PB-002 - Route Complex Task To Specialist Pod
- Create or select a
work-packet.
- Validate Definition of Ready.
- Run
agent-route-and-prove.
- Confirm selected owner, sidecars, gates, and policy version.
- Track evidence until the work can move to review or done.
- Confirm scenario has passing capability exercises.
- Run
RB-MCP-001.
- Review schemas, auth scope, redaction, rate limits, and audit.
- Enable read-only tool binding.
- Monitor early tool runs and keep emergency disable ready.
PB-004 - Recover Failed Scenario Run
- Classify failure by scenario and affected business object.
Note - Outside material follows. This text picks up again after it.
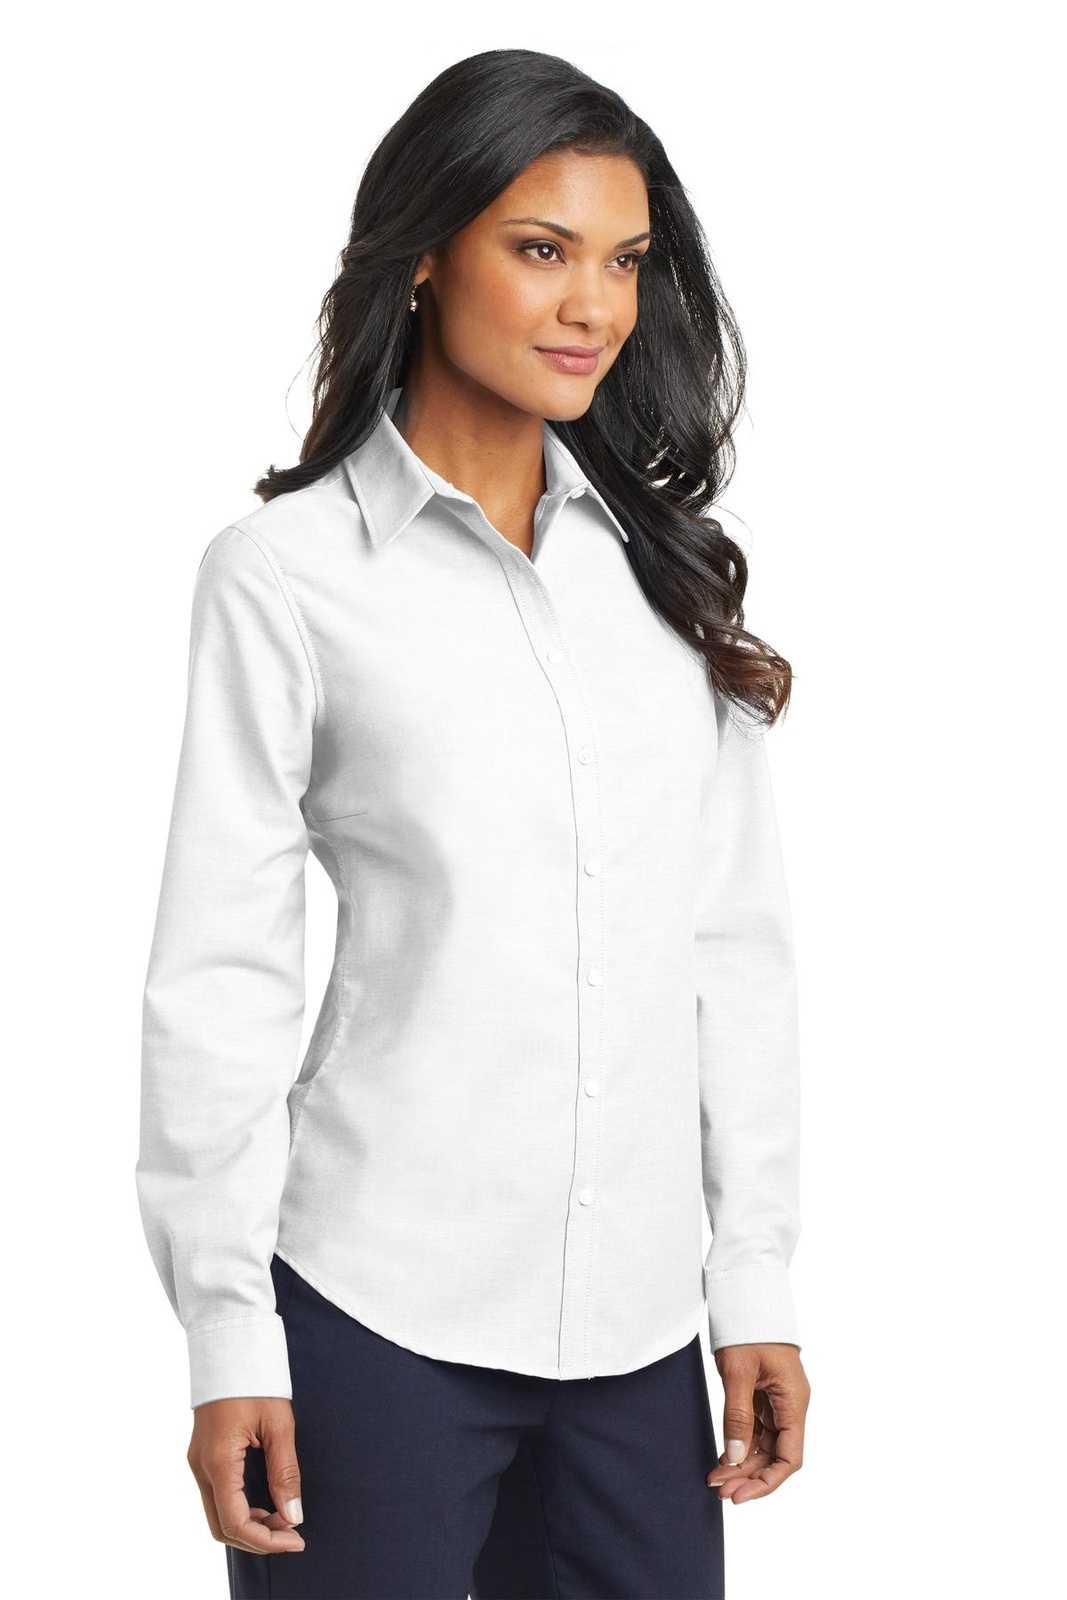 Port Authority L658 Ladies Superpro Oxford Shirt - White - HIT a Double - 4
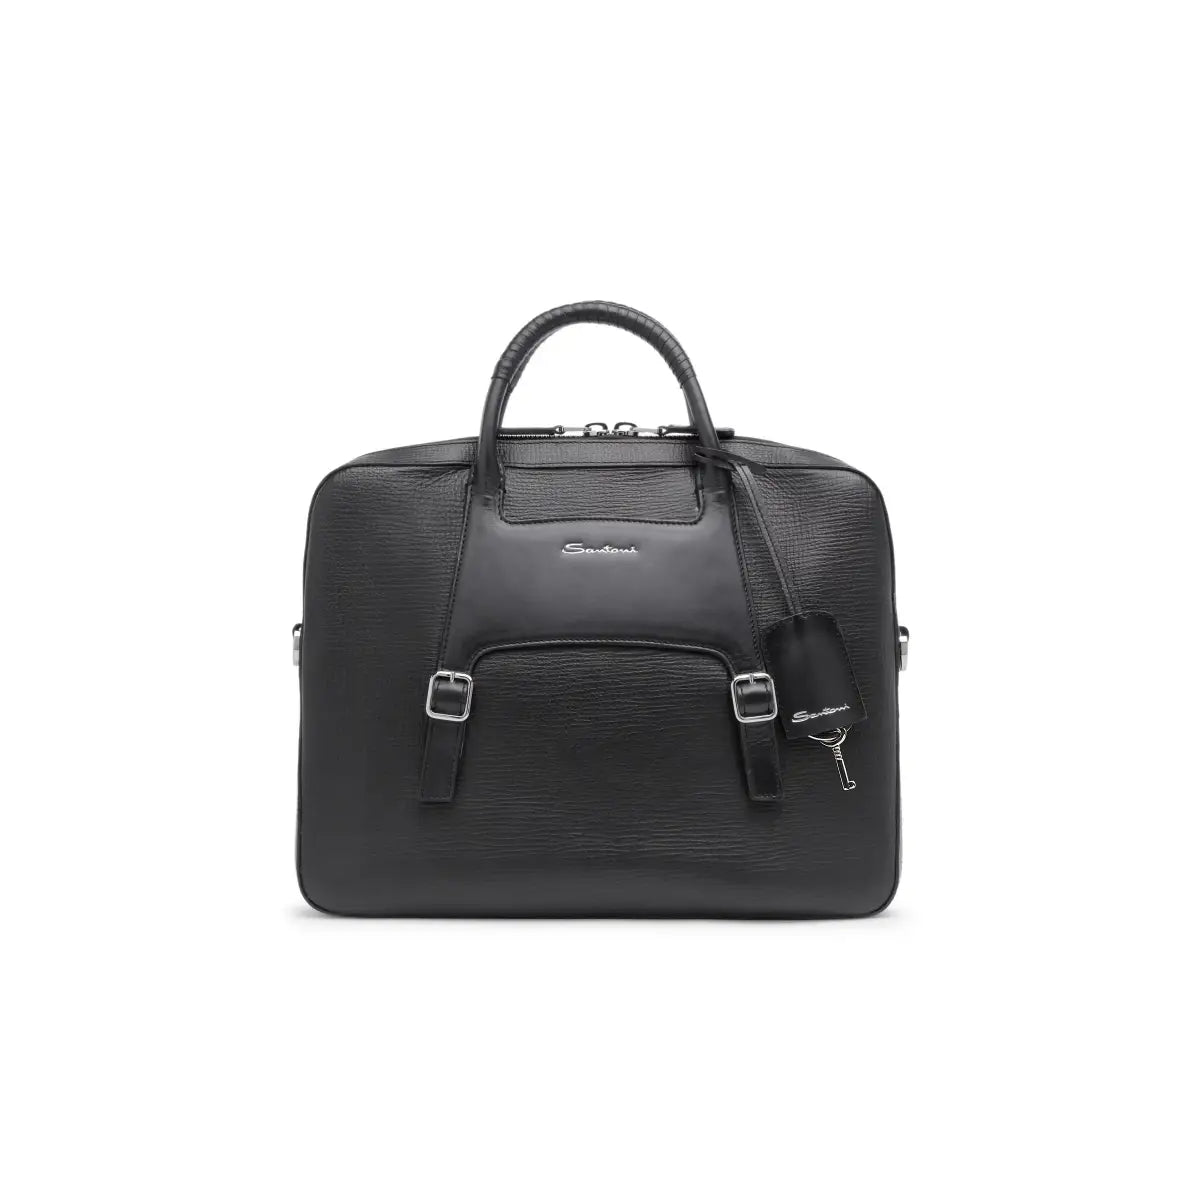 Santoni briefcase black leather. side view.

- Select matching runbook.
- Execute safe automated remediation.
- Re-run capability exercise.
- Attach evidence and create learning signal if repeated.
Automation Events
| Event |
Typical handler |
knowledge_source.landed |
Start knowledge-drop. |
ingest_job.completed |
Assemble evidence and optionally run semantic-constellation. |
scenario.run.failed |
Select runbook by scenario and affected capability. |
capability_exercise.failed |
Run RB-CAP-001. |
tool_offering.schema_ready |
Start promotion review. |
mcp.tool_execution.failed |
Evaluate emergency disable. |
work_item.transition_requested |
Check evidence gates. |
evidence.requirement.satisfied |
Allow transition or promotion. |
Implementation Direction
Add these contracts when the prototype grows beyond read models:
RunbookDefinition
RunbookExecution
PlaybookDefinition
IncidentSignal
RemediationAction
CompensationStep
ReadinessPosture
ToolPromotionDecision
These should be scenario-owned application use cases in middle-core, with provider actions behind ports.